## Problem description
From the listing below, give again exactly the lines from the line with "Abbotsford Convent เมื่อชาวเมืองร่วมกันพลิกสำนักชีเก่าเป็น" to the line with "RUTES XXX. Ignasi", ends included, without any pictures.

## Data supplied
• • • •

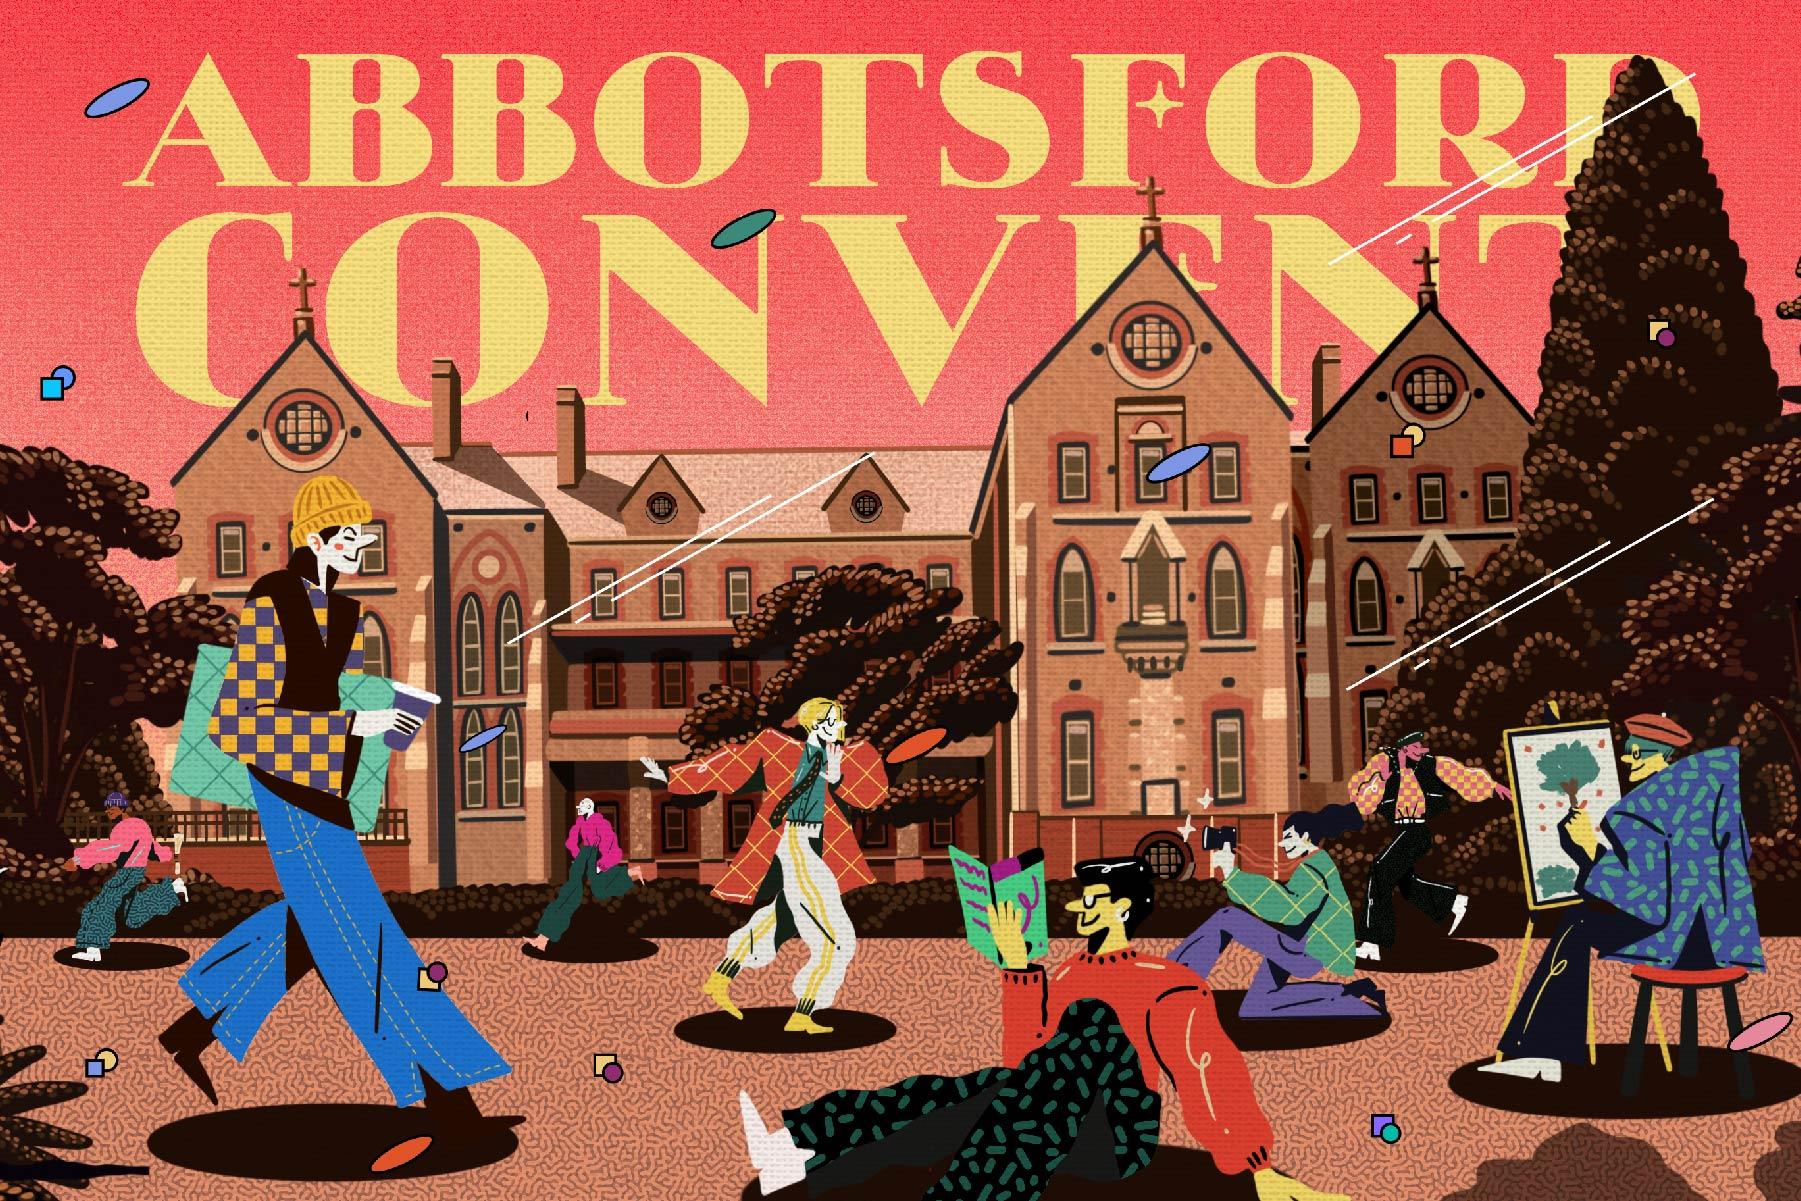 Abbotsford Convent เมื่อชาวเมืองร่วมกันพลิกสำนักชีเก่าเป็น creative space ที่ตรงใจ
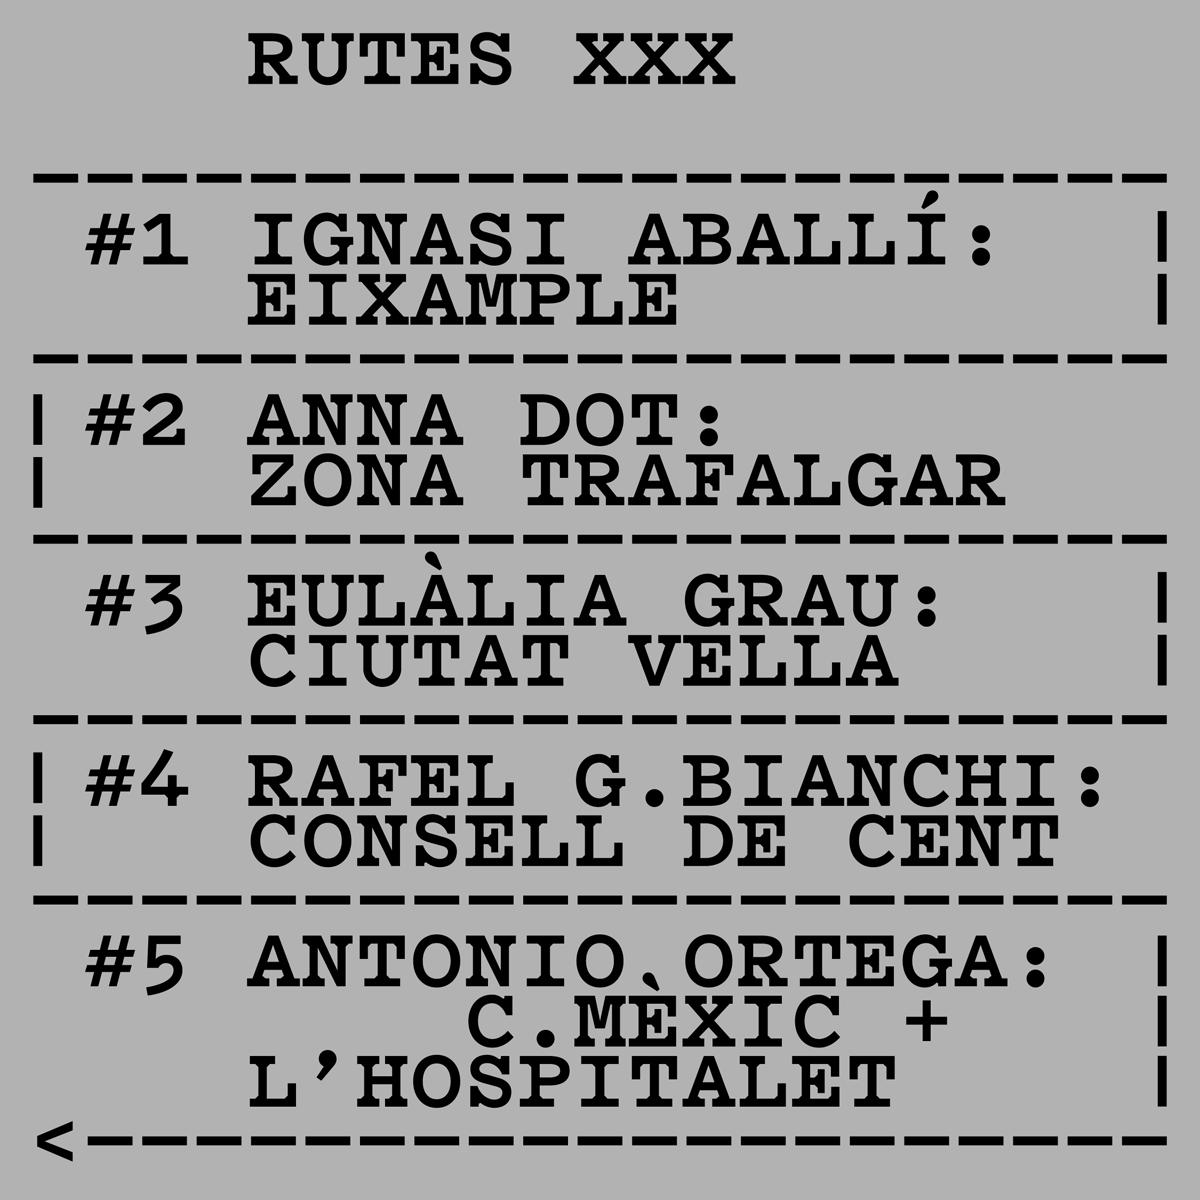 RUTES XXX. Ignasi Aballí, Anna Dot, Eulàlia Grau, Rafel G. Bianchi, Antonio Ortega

• • • •

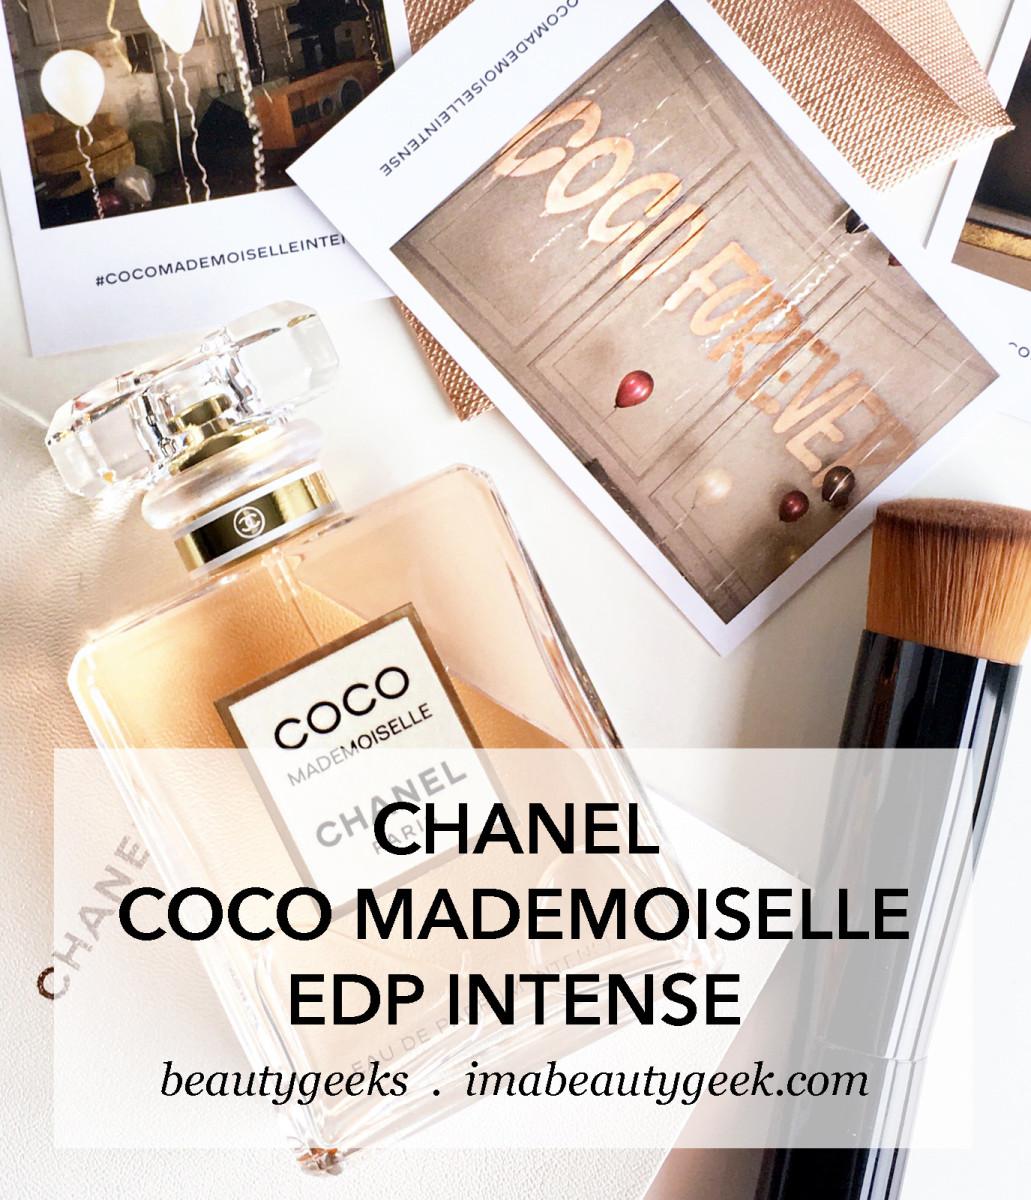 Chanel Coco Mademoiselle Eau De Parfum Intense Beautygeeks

• • • •

## Solution to the exercise
 Abbotsford Convent เมื่อชาวเมืองร่วมกันพลิกสำนักชีเก่าเป็น creative space ที่ตรงใจ
 RUTES XXX. Ignasi Aballí, Anna Dot, Eulàlia Grau, Rafel G. Bianchi, Antonio Ortega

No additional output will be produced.